▶ [TASK DESCRIPTION]: Every line in the data below from the one containing "HACIE - CARGO" down to the one containing "Engineered Bamboo Pool", both included, must be retyped exactly; no other line is to appear.

▶ [DATA LISTING]:
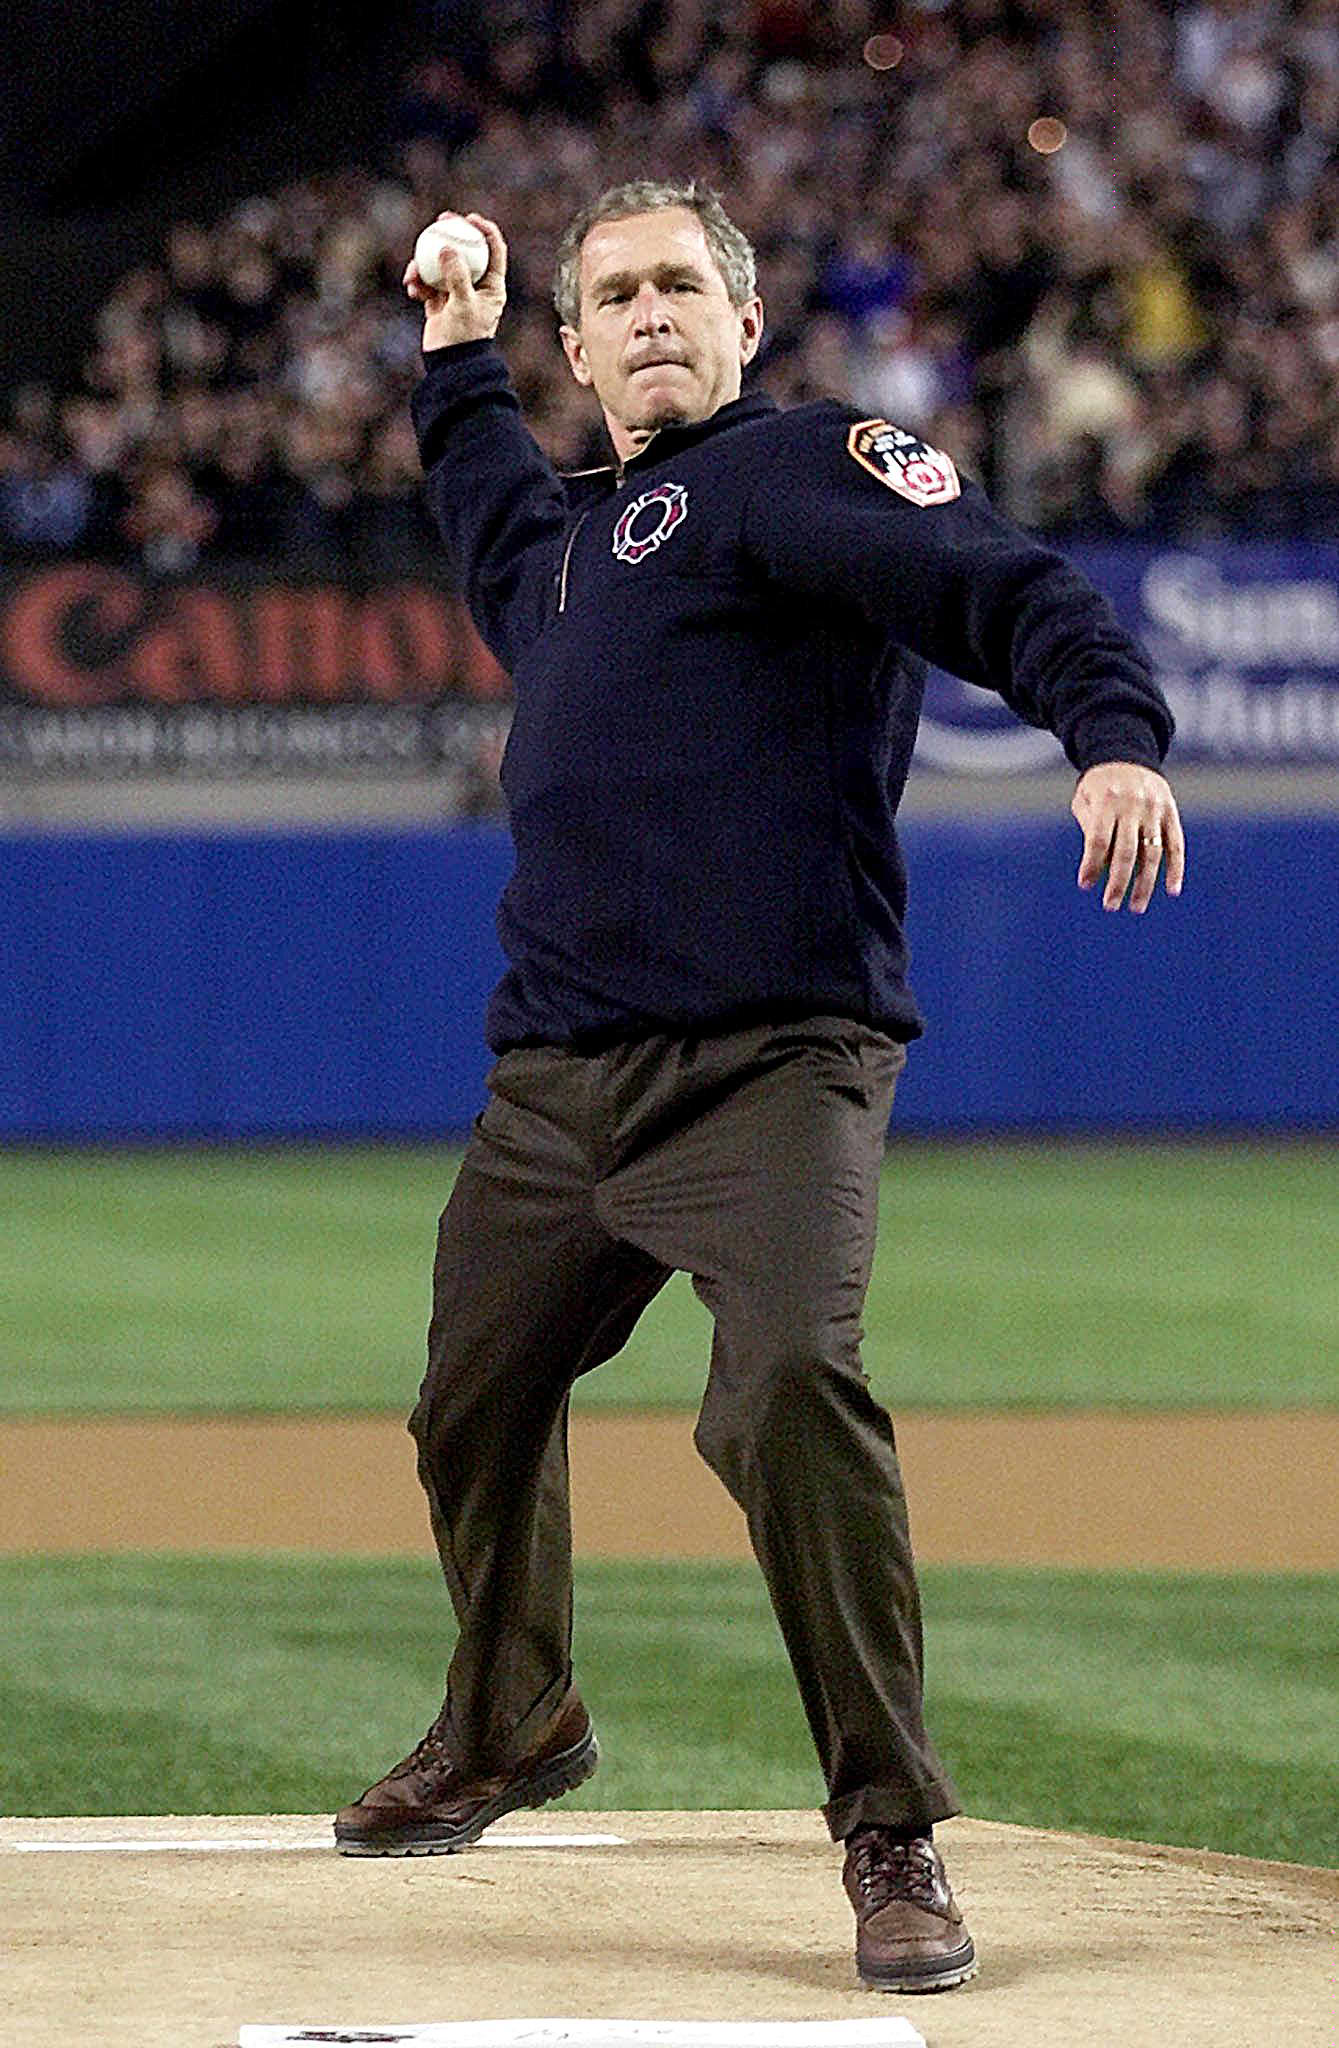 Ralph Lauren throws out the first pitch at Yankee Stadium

--

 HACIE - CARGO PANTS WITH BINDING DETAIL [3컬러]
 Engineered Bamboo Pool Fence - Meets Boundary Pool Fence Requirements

▶ [WRITTEN ANSWER]:
 HACIE - CARGO PANTS WITH BINDING DETAIL [3컬러]
 Engineered Bamboo Pool Fence - Meets Boundary Pool Fence Requirements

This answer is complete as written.